General information
- Founded: 1943; 83 years ago
- Stadium: Percival Molson Memorial Stadium
- Headquartered: Montreal, Quebec, Canada
- Colours: Navy Blue, White
- Mascot: K. Clarke

Personnel
- General manager: Fred Porter
- Head coach: Glen Brown

Nickname
- The Donnies

League / conference affiliations
- Quebec Rugby Football Union

Championships
- Grey Cup win: 0 1944

= St. Hyacinthe–Donnacona Navy =

Canadian football team during World War II

St.
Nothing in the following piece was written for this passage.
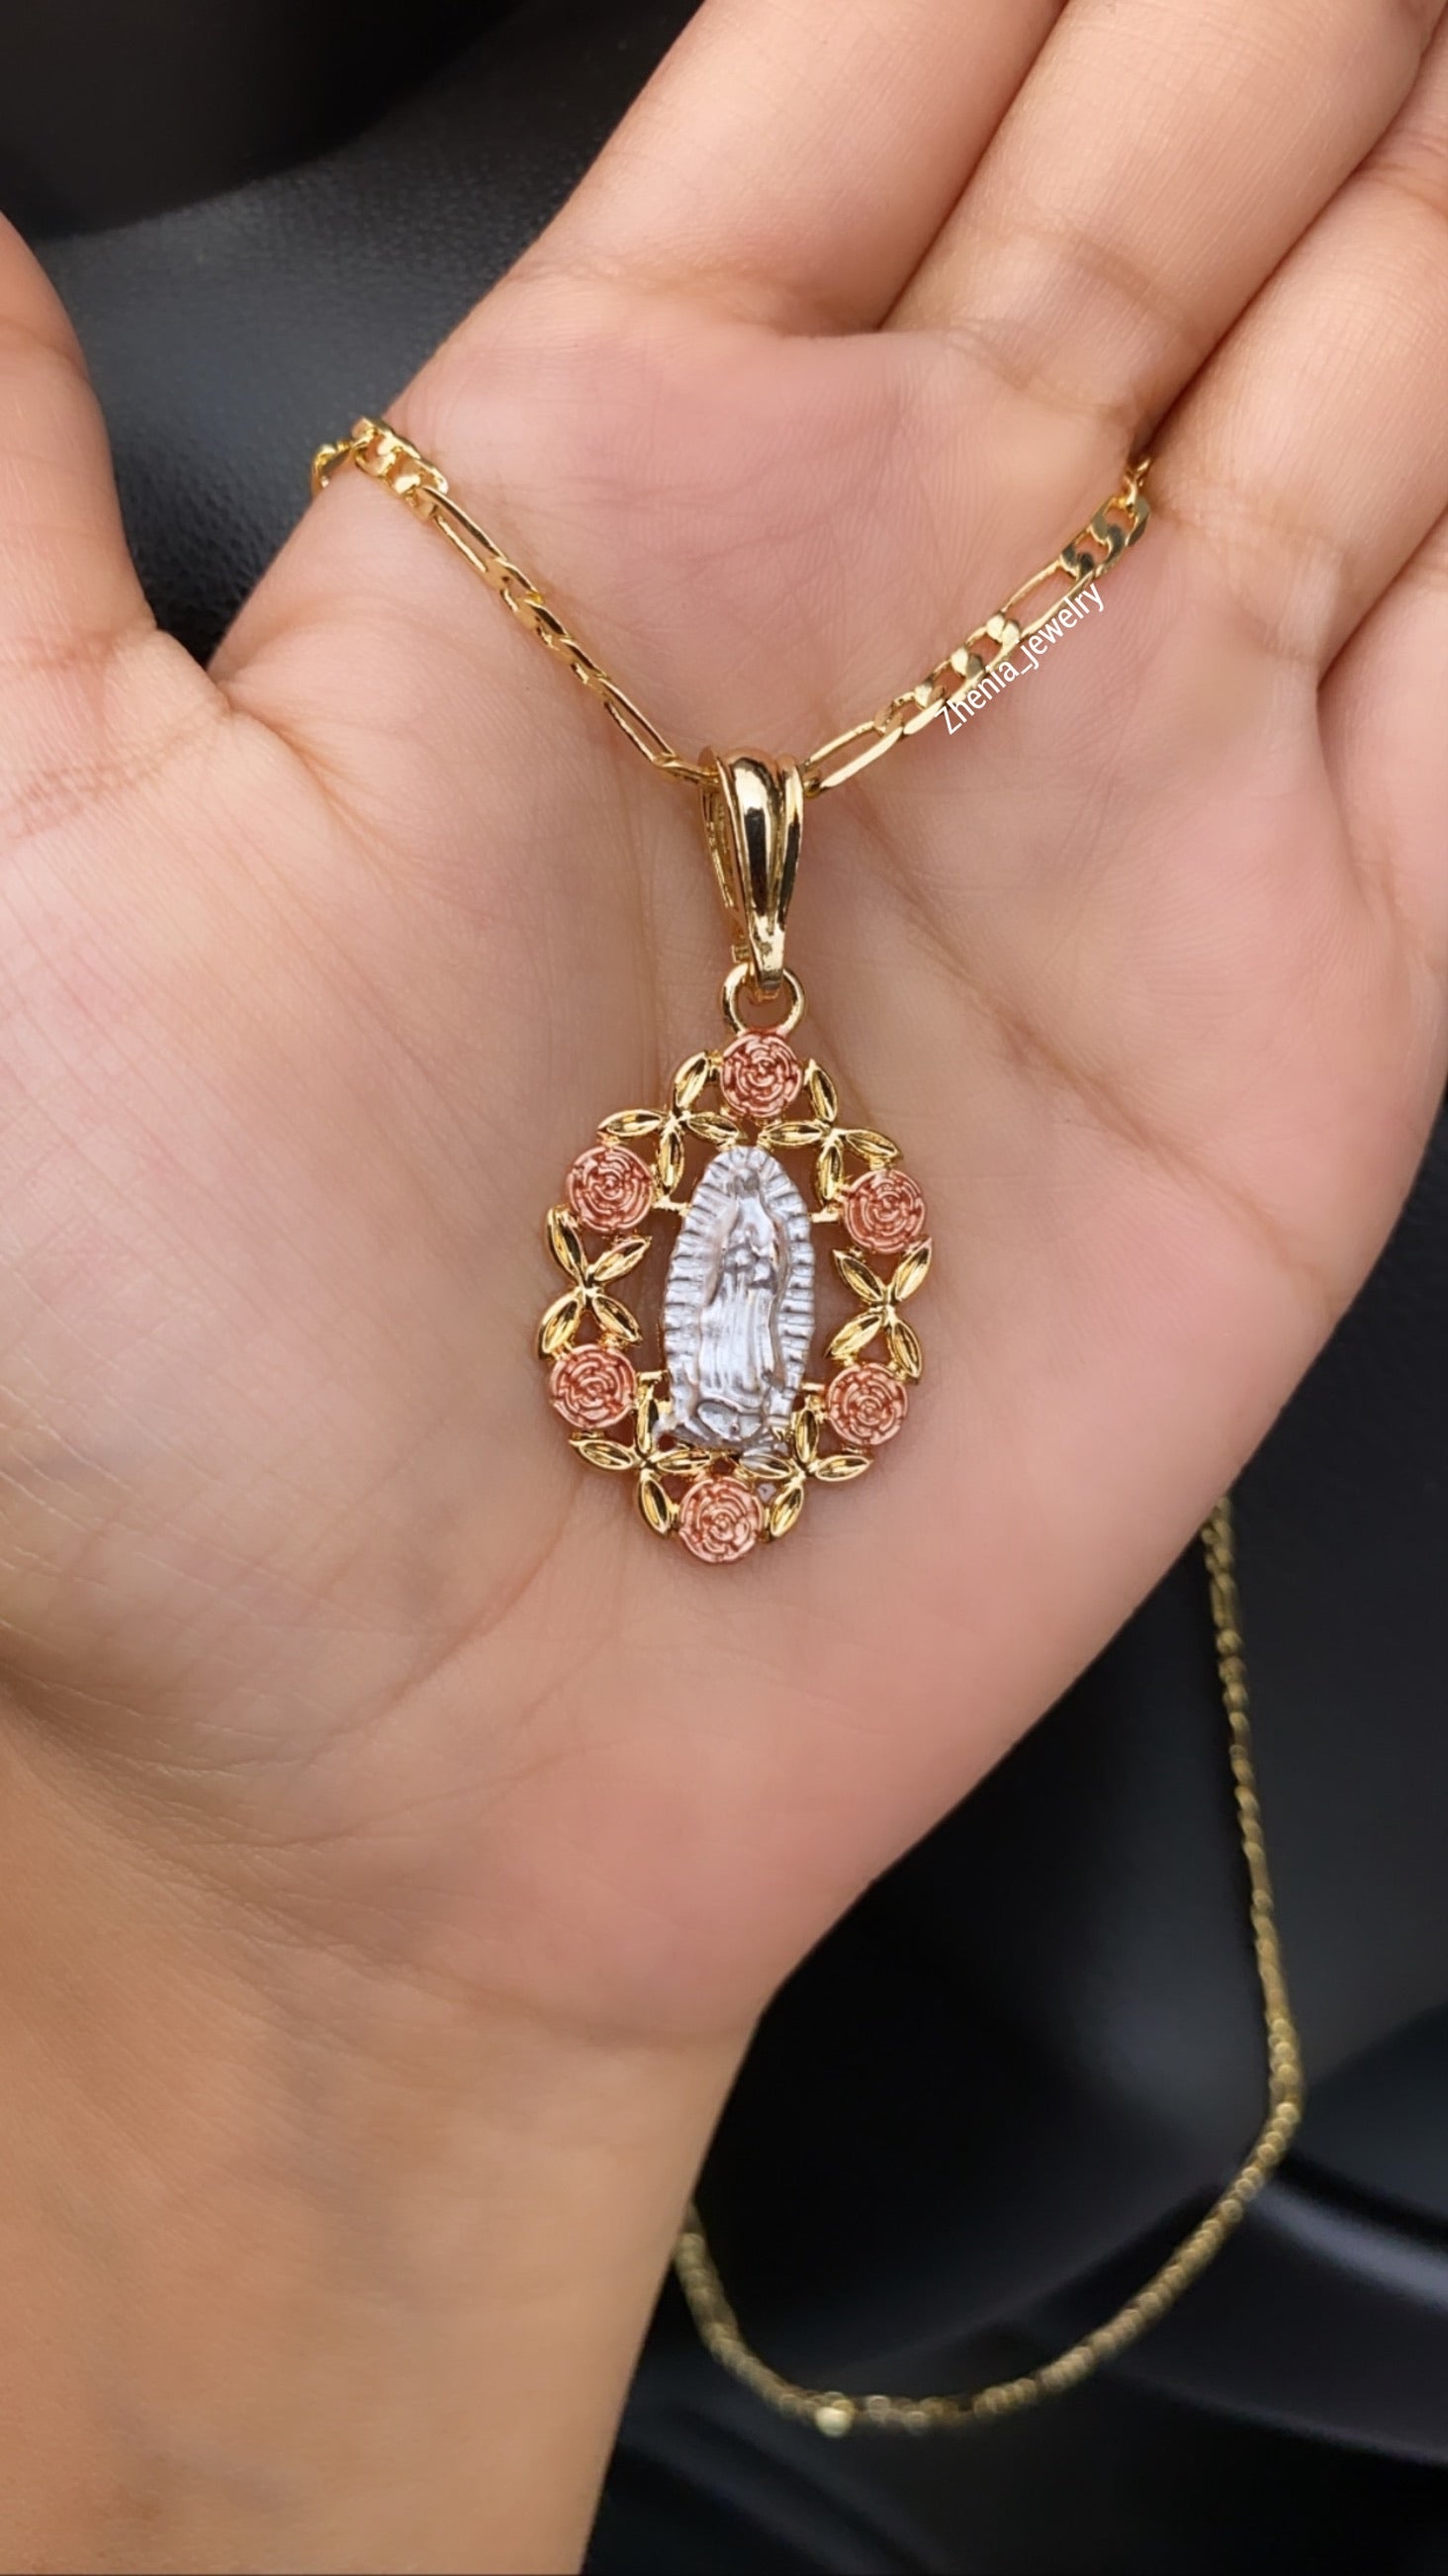 Rosa de Guadalupe necklace

Hyacinthe–Donnacona Navy was an amateur Canadian football team during the Second World War. They won the Grey Cup in 1944. The team was named after the communications training school and the naval reserve division .

==Game==
Both the Western Interprovincial Football Union and the Interprovincial Rugby Football Union had no 1944 regular season due to the Second World War. Lower-ranked leagues did participate for the playoffs. St. Hyacinthe–Donnacona Navy was part of the Quebec Rugby Football Union. On 25 November 1944 the St. Hyacinthe–Donnacona Navy defeated the Hamilton Wildcats 7–6 at the Civic Stadium, in Hamilton, Ontario, to win the 32nd Grey Cup.

===Roster===
St. Hyacinthe–Donnacona Navy defeated the Hamilton Wildcats at the 32nd Grey Cup.
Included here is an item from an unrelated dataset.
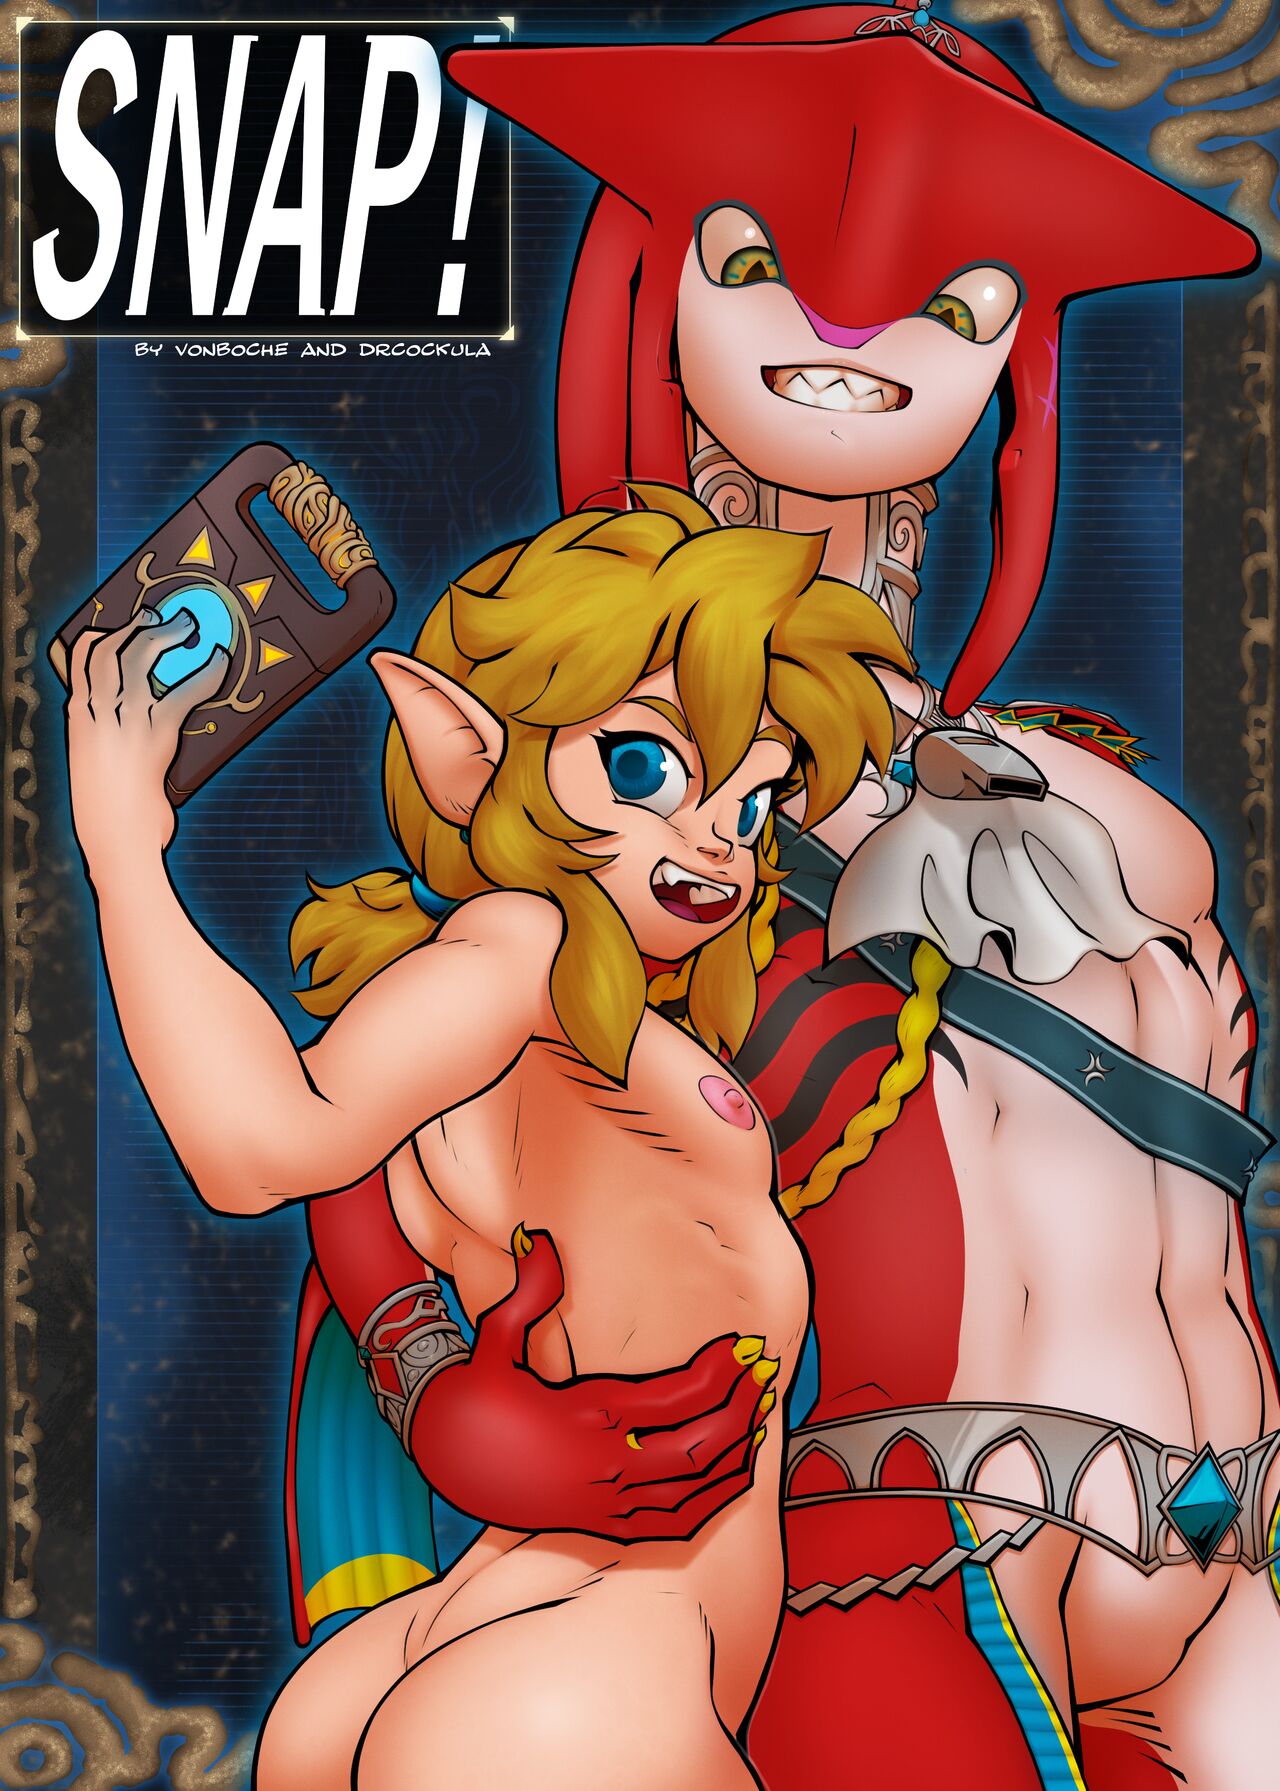 VonBoche] Snap! (The Legend of Zelda) - Porn Comics Galleries

Championship roster (bold denotes the player played in the Grey Cup game):

Charlie Ellis, Wally Charron, Curly Hiltz, Ginger O’Brien, Bucko McLeod, Glen Brown (Coach), Roy Kirbyson, John Taylor, John Crncich, Steve Levantis, Jack Wedley, Al Hurley, Wally Patch, Malcolm Baker, Hal Chard, Tom Bainbridge, Ian Barclay, Sam Abbott, Whitey Leonard, Dick Swarbrick, Pat Santucci, Dutch Davey, Mickey McFall, Dave Kotavitch, Al Symms, Jim Spicer, Des Campbell, L. Raymond, W.O. John Montague, P.O. George Reid, Bill Kydd, Louis Segatore, Fred Porter, Surgeon Lt. Comdr. Richard Lane, Lt. Christopher Ellis, Moe Segal, Paul Kenwood, Milton Scully, Juan Sheridan

===Post 1944===
In 1969, the then CFL commissioner Jake Gaudaur, gave the team a chance at championship rings for $300 each.

At the 1994 Grey Cup the CFL paid special homage to the team.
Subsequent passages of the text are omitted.